DavidC: The interesting discussion I had with Manu -- a slight digression but it's important. Issue #252 ... towards the end we looked at what a VC is about and what do they control. Manu proposed 4 steps and I expanded that into 8 steps. I haven't had any comments on the 8 steps yet.

<manu> https://github.com/w3c/vc-data-model/issues/252

DavidC: But it's relevant, given our model of Issuer/Holder/Verifier, what do we envisage is the usage of VC and this says what the 8 steps are -- and what steps do we cover in our document? I think we have clarity on issuance of VCs and verification of VCs, all within scope. Clearly we have nothing to do with the verifier defining access control, not in scope. But listing these steps and saying what we should be covering is important.
... And Terms Of Use -- do they cover any of these steps? I pointed out one contentious step which is step 6 -- and I think it should be covered in our doc. We have a model about how VCs flow and how they are dealt with and we should be clear about the steps. If we can resolve that and we can agree on that it might help the rest of the discussions.

Dmitri: Can you state the steps for those that don't have them in front of us?

<stonematt> The verifier defines its access control policy

<stonematt> The issuer(s) issue(s) VCs to the holder

<stonematt> The holder may pass on the VCs to another holder

<stonematt> The final holder presents the VCs to the verifier

<stonematt> The verifier verifies the authenticity of the VCs

<stonematt> The verifier verifies the right of the holder to posses the VCs

<stonematt> The verifier's policy decision point evaluates the credentials against the access control policy and returns an access control decision

<stonematt> The verifier grants or denies access based on the access control decision.

https://github.com/w3c/vc-data-model/issues/252#issuecomment-439008441

DavidC: I think step 6 should be in the scope of our document ("6. The verifier verifies the right of the holder to posses the VCs") because step 3 is ("3. The holder may pass on the VCs to another holder").
... Because our model has in it that VCs are passed on, that our model should also have in it that the control of that and to notify the verifier that it has happened.

TallTed: Very much of this reads to me as protocol level stuff. If we're actually really truly doing what we've said we're doing, which is building a data model. It's a structure. It has zero to do with verifying the right of anybody to do anything. That's part of whether or not the access control decision happens and even what happens with the crypto.
... I'm seeing lots of feature creep.

dmitri: I have a slightly more fundamental question -- I agree that this is worth discussing whether this is in scope -- my question is ... it's my understanding that our threat model is that possession equals authority. If you manage to get your hands on them and on the keys, you're authorized.
... If you have the keys you can prove possession of the credential.

DavidC: That would only be the subject right?

<Zakim> manu, you wanted to note that this is protocol layer stuff... the data model enables this particular flow, but it is *a* flow.
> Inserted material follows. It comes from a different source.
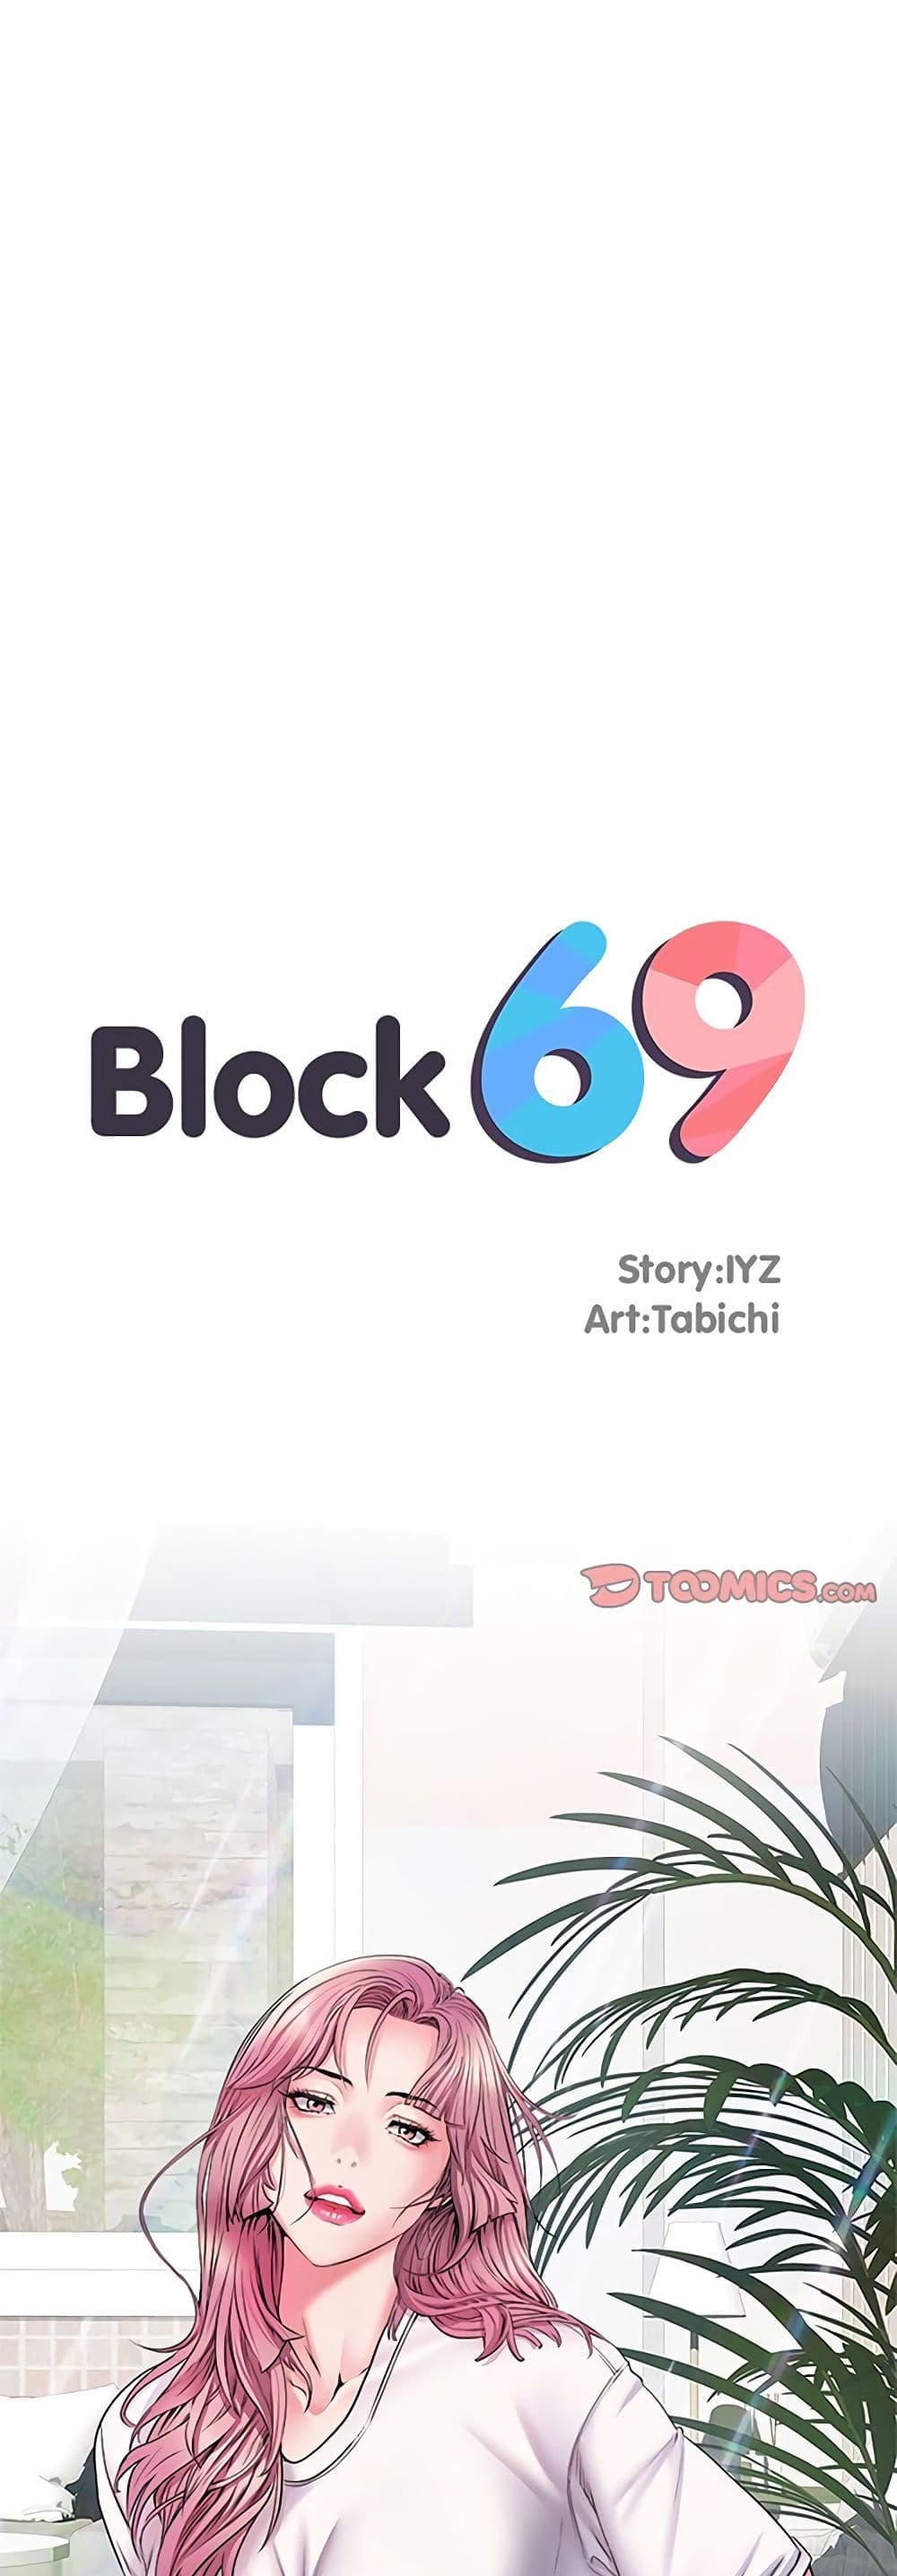 Block 69 8 ภาพที่ 2
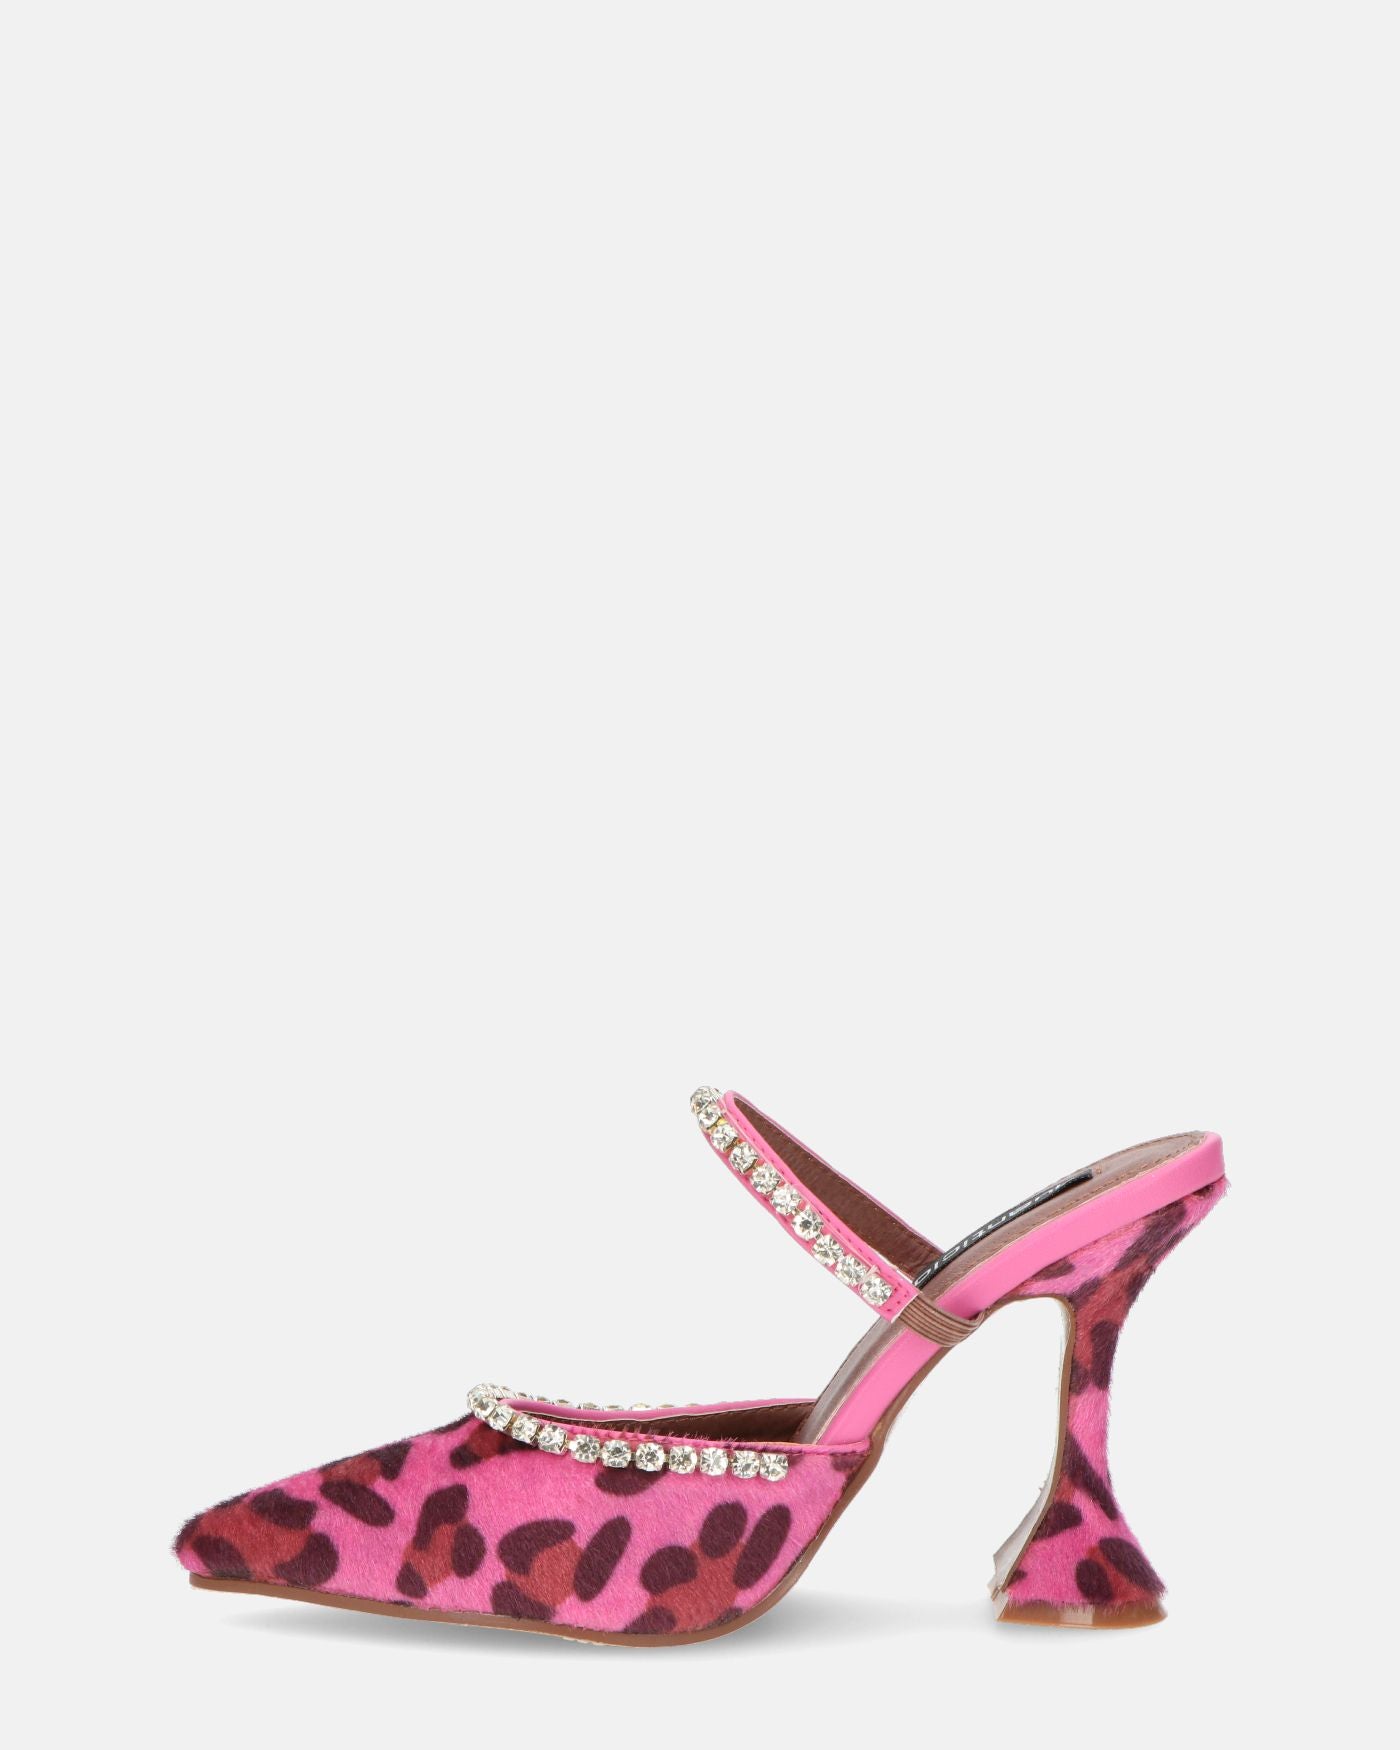 PERAL - chaussure à talon léopard rose avec pierres précieuses

manu: I think understand what you're saying Dmitri -- but it makes it sound... it may have confused people. Technically if you have the credential AND the keys, i.e. you have the whole wallet, then you can assert you are the subject then maybe you can authorize.
... I want to go back to what Ted was saying and I think we're into protocol and this is feature creep, I agree. But I do understand that David wants to say something about this in the spec -- and sometimes it's useful to say something even in non-normative ways. I think what he's saying is that the spec doesn't talk about, for example, handing off a prescription to a care giver who picks it up on your behalf.
... It may help to give some elaboration on such a use case in the privacy consideration section -- I would be ok with doing that. I would personally draw the line about making normative statements about how you do this and that's protocol as Ted said and it gets complicated quickly.

<brentz> +1 to not making these 8 steps normative

DavidC: Couple of things. We have the data model and we do indicate these flows. I think we need to have more details like the 8 steps I have listed. All the use cases are using these 8 steps and about passing VCs around and giving them to verifiers and it's only elaborating on what our model is. We aren't saying How they are passed around, so it's not protocol. We're saying this is our data model and architecture.
... We all agree on not defining protocol and it's all independent of that. Our data model should be able to control architecture and flow independent of the protocol.

<stonematt> reminder that we're speaking about https://github.com/w3c/vc-data-model/issues/252#issuecomment-439008441

JoeAndrieu: I apologize for missing the opening because this is awesome. I wanted to respond to Dmitri's suggestion that if you have the credentials and the keys then you are authorized. I think that aligns with this notion that VCs can be authorization and I think that's a huge, huge problem.
... Treating VCs as authorization brings up a whole bucket of problems. A statement that my hair is brown does not authorize me to do anything. I don't know how to avoid that conversation. One of our problems here is that we fetishize the control of the keys like that's a resolution ... and identity assurance and what truth is depends on more than just one VC and more than just one key.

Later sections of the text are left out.